● **RECORDS TO PROCESS**:

§ §

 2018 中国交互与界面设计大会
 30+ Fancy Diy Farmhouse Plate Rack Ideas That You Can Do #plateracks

§ §

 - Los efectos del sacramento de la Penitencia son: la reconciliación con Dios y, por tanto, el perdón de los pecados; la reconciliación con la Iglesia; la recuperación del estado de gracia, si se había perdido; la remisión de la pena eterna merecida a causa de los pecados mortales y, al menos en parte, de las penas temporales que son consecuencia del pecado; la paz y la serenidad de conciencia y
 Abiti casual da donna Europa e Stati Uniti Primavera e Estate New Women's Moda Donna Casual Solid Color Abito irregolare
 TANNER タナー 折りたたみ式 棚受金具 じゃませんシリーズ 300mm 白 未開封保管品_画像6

§ §

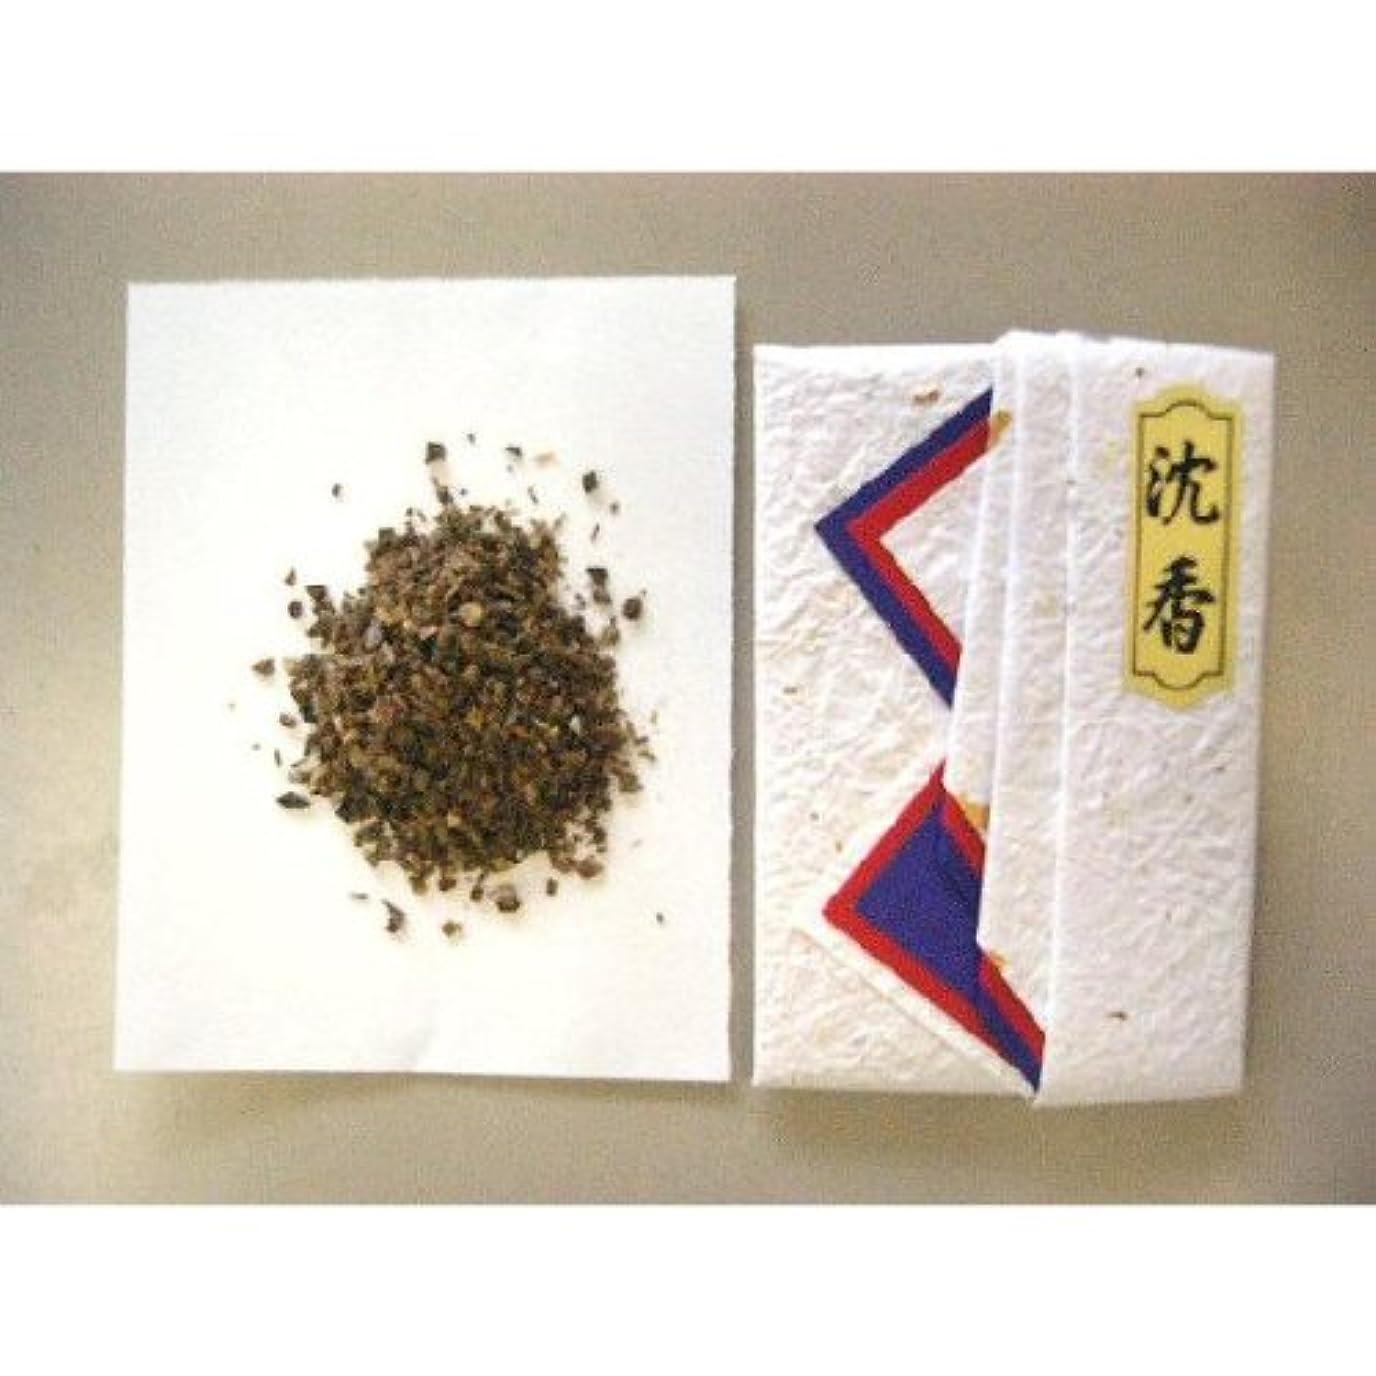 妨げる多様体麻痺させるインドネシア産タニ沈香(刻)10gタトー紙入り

§ §

● **PROBLEM REQUIREMENTS**:
Of the lines above, extract only those from the line with "Abiti casual da" to the line with "TANNER タナー 折りたたみ式", both included, exactly as written.

● **TASK ANSWER**:
 Abiti casual da donna Europa e Stati Uniti Primavera e Estate New Women's Moda Donna Casual Solid Color Abito irregolare
 TANNER タナー 折りたたみ式 棚受金具 じゃませんシリーズ 300mm 白 未開封保管品_画像6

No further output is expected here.